The layman's guide to Artificial Intelligence

All there is to know about the not-so-quiet revolution happening in tech

The mind has fascinated humans for a long time. Science has through time been employed to explain it and today has a dedicated branch known as cognitive neuroscience. With the advent of modern computing, a different but related experiment had arisen –– replicating the mind. This is the discipline known today as artificial intelligence, or AI for short.

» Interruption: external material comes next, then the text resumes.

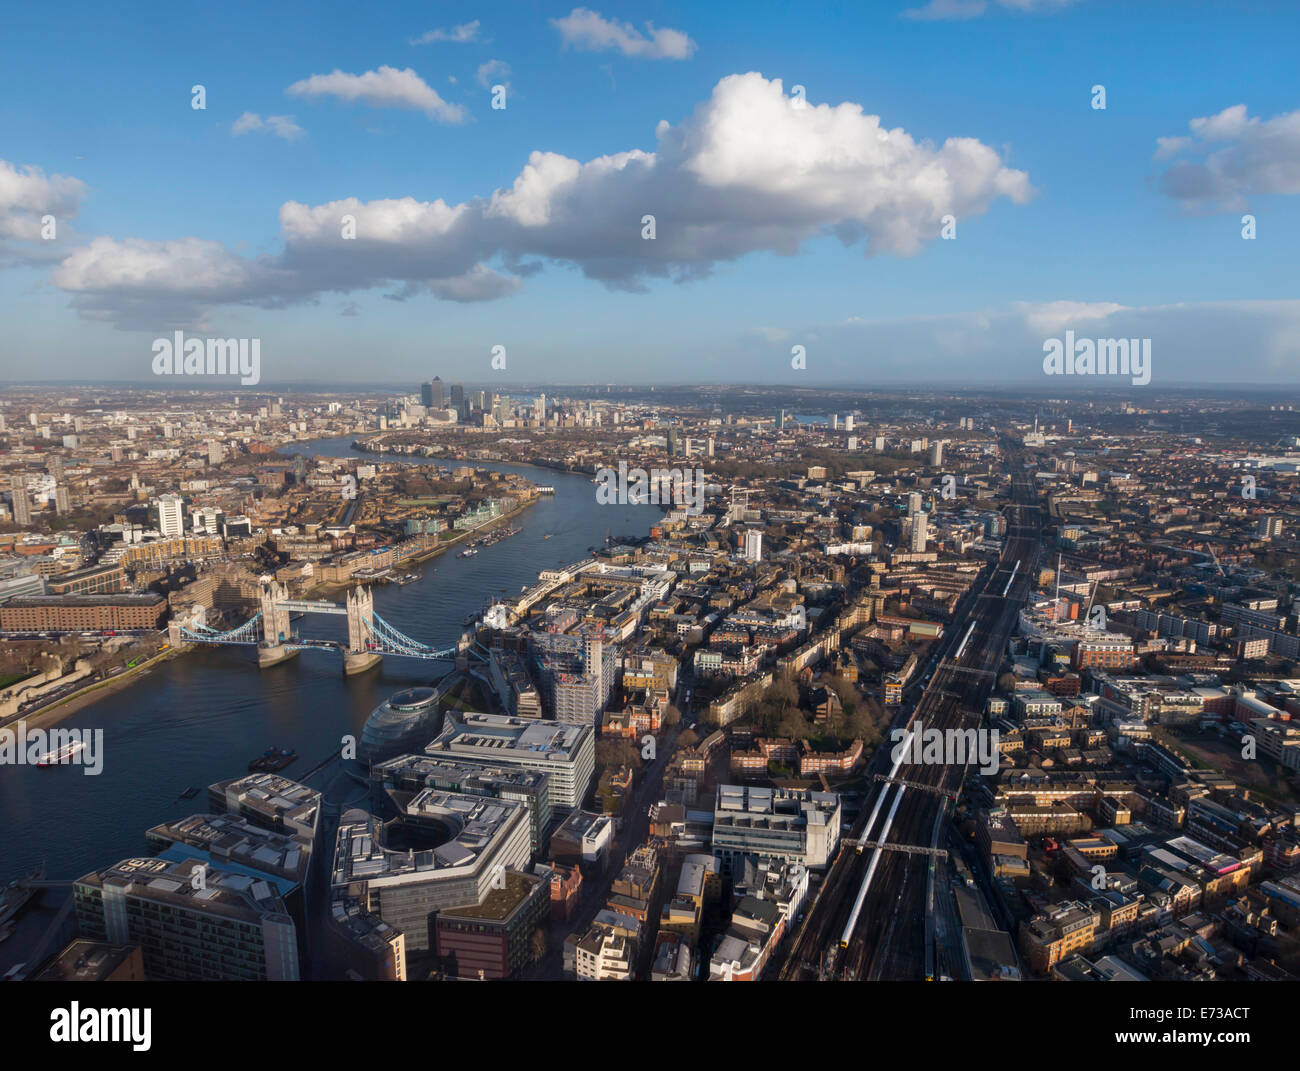 Paisaje aéreo mostrando el río Támesis, el Puente de la torre y las vías del ferrocarril, Londres, Inglaterra, Reino Unido, Europa Foto de stock

AI is a field broadly concerned with simulating human intelligence in machines. While dating back several decades, it has been propelled to the fore by twenty-first century advances in technology. Considerable progress has been made, with machines today being able to “see”, process natural language, make predictions, take decisions, create content, and move around in the physical environment. These abilities, however, currently vary in their depth and breadth when compared to humans –– some are sharper, others not. And current AI systems are generally able to manifest only each at a time –– a limitation known as narrow AI. This contrasts with general AI systems which are able to perform any intellectual task that a human can –– a highly sought-after achievement by some industry practitioners.

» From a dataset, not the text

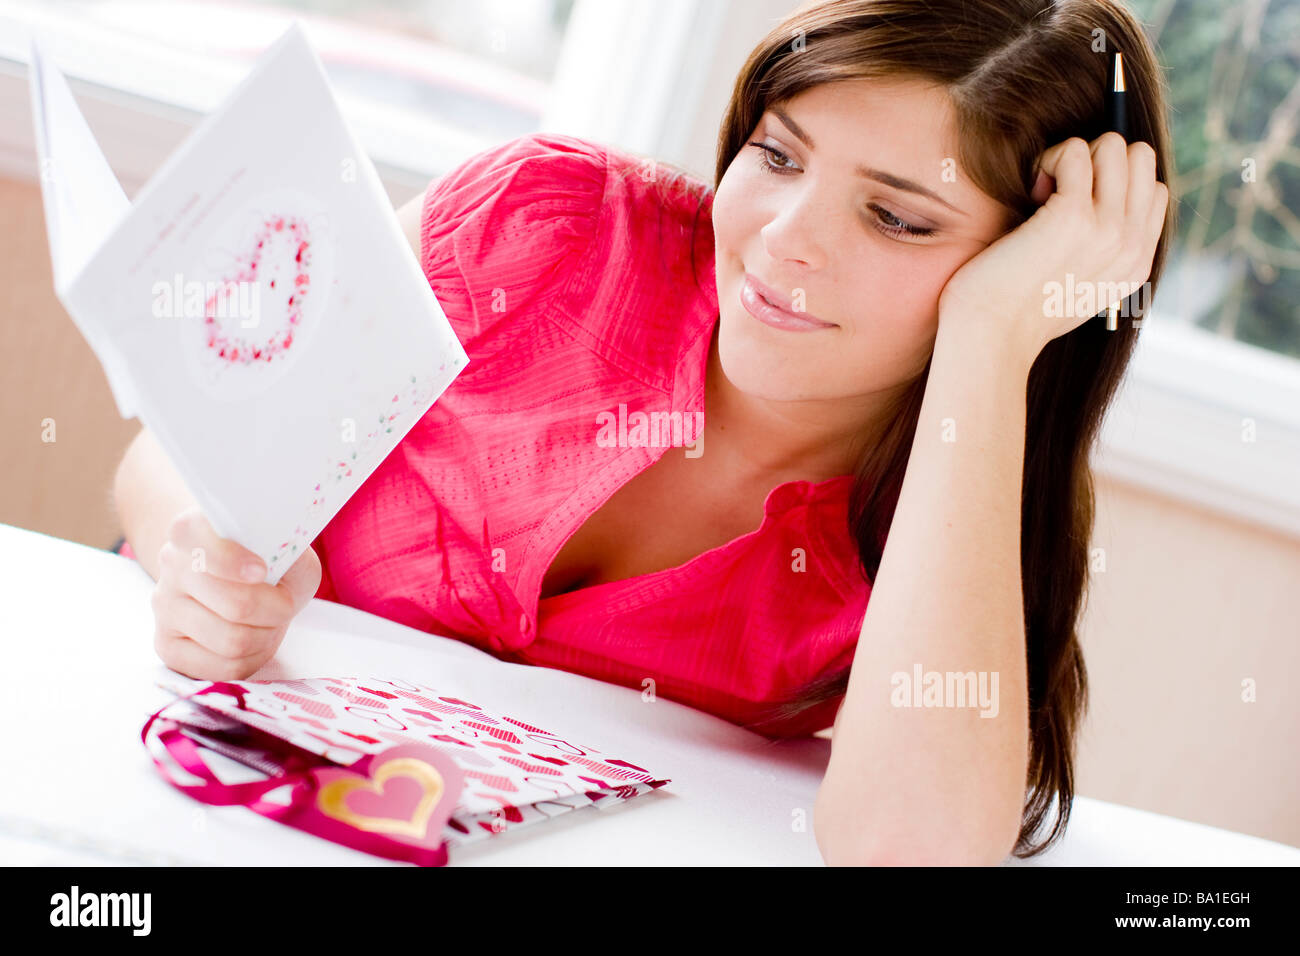 Frau eine Valentine s Day Karte betrachten Stockfoto

Machine learning demystified

The remarkable thing is that most machines today are not explicitly programmed with instructions on how to perform such complex tasks, which had been the challenging modus operandi in times prior. Instead, machines “learn” how a task is performed by recognizing patterns in data –– a technique called machine learning (ML). This technique has been game changing –– so much in fact that some leading practitioners have hailed it as a paradigm shift in how software is engineered.

Machine learning systems are driven mainly by two elements: data and a model. In plain language, data is fed to a model as “examples”, from which the model gains “experience”, and is then able to make “guesses” from what it has learnt. Imbibing a model with experience is a stage of the process called training, while eliciting guesses from a model is one called inference. These “educated guesses” are what allow AI systems today to manifest sophisticated abilities.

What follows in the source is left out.